Similarly, for Java the relevant code examples would be as follows:

//To read all the md files in the directory 
JavaRDD<String> dataFiles = sc.textFile("*.md"); 
 
//To read the README.md file 
JavaRDD<String> readmeFile = sc.textFile("README.md"); 
 
//To read all CONTRIBUTIONS.md file 
JavaRDD<String> contributions = sc.textFile("CONT*.md");

So far we have only worked with the local file system. How difficult would it be to read the file from a file system such as HDFS or S3? Let's have a quick look at the various options made available to us via Spark.

Note

I expect most of the audience to be already familiar with HDFS and Hadoop already, and how to load the data onto Hadoop. If you still haven't started your journey to Hadoop, you might want to take a look at the following Hadoop quick start guide to get you started: http://bit.ly/HadoopQuickstart.
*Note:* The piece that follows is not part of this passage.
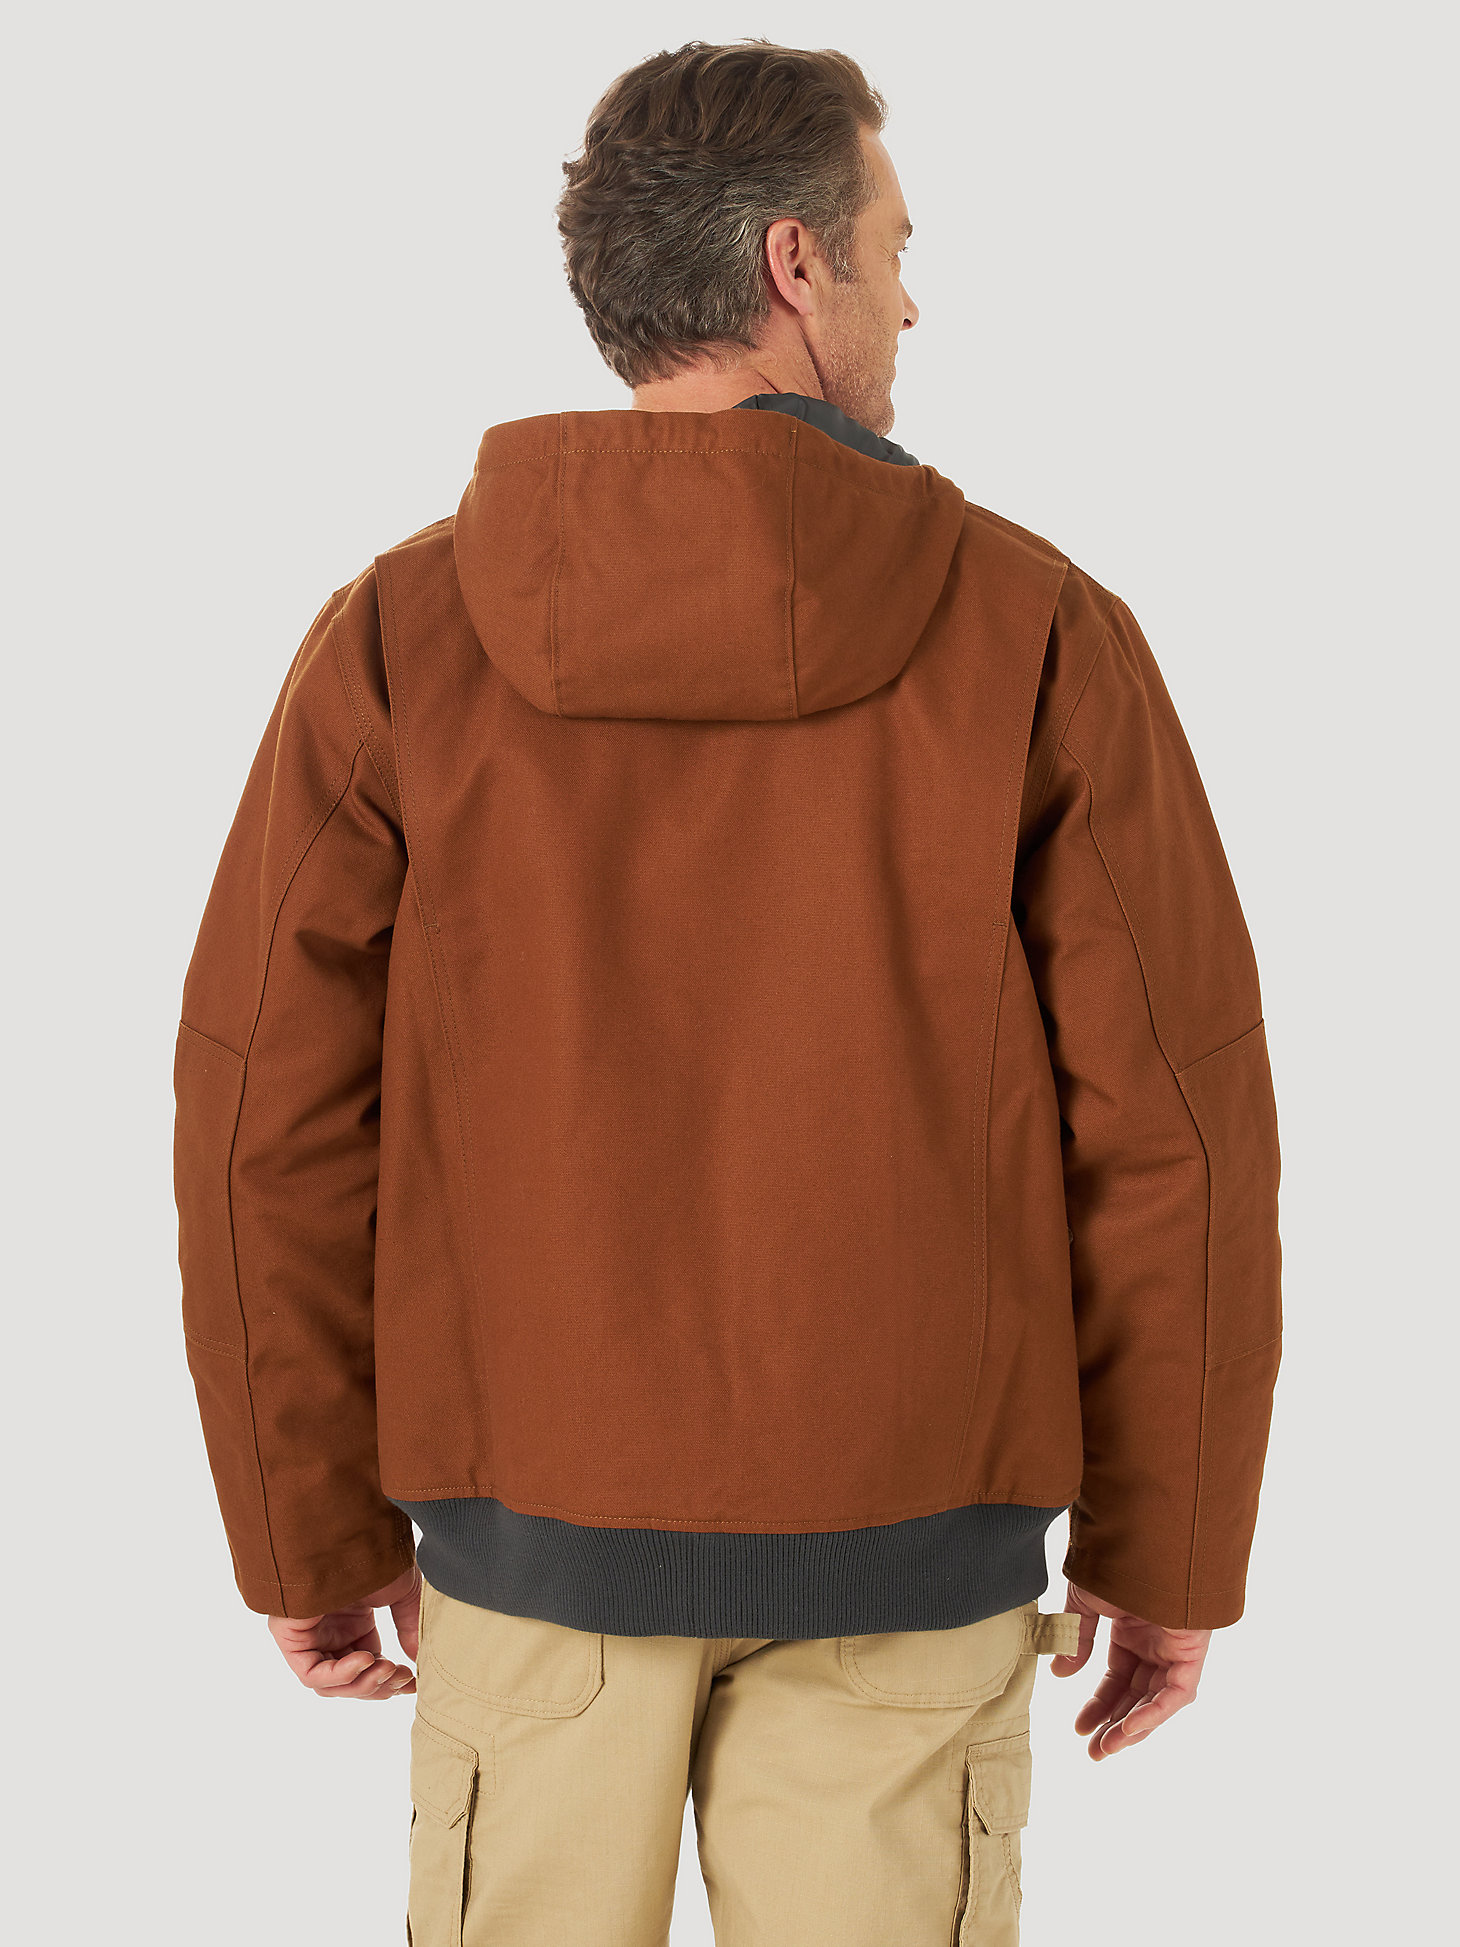 Wrangler® RIGGS Workwear® Tough Layers Insulated Canvas Work Jacket in Toffee alternative view 1

We now have some data loaded onto HDFS. The data is available in the /spark/sample/telcom directory. These are sample Call Detail Records (CDRs) created to serve the purpose of this exercise. You will find the sample data on this book's GitHub page:

//Load the data onto your Hadoop cluster 
Hadoop fs -copyFromLocal /spark/data/ /spark/sample/telecom/ 
 
//Accessing the HDFS data from Scala-Shell 
val dataFile = sc.textFile("hdfs://yournamenode:8020/spark/sample/telecom/2016*.csv") 
 
//Accessing the HDFS data from Python Shell 
dataFile = sc.textFile("hdfs://yournamenode:8020/spark/sample/telecom/2016*.csv")

You can access Amazon S3 in a very similar way.

Now that we have looked at the RDD creation process, let us quickly look at the types of operations that can be performed on an RDD.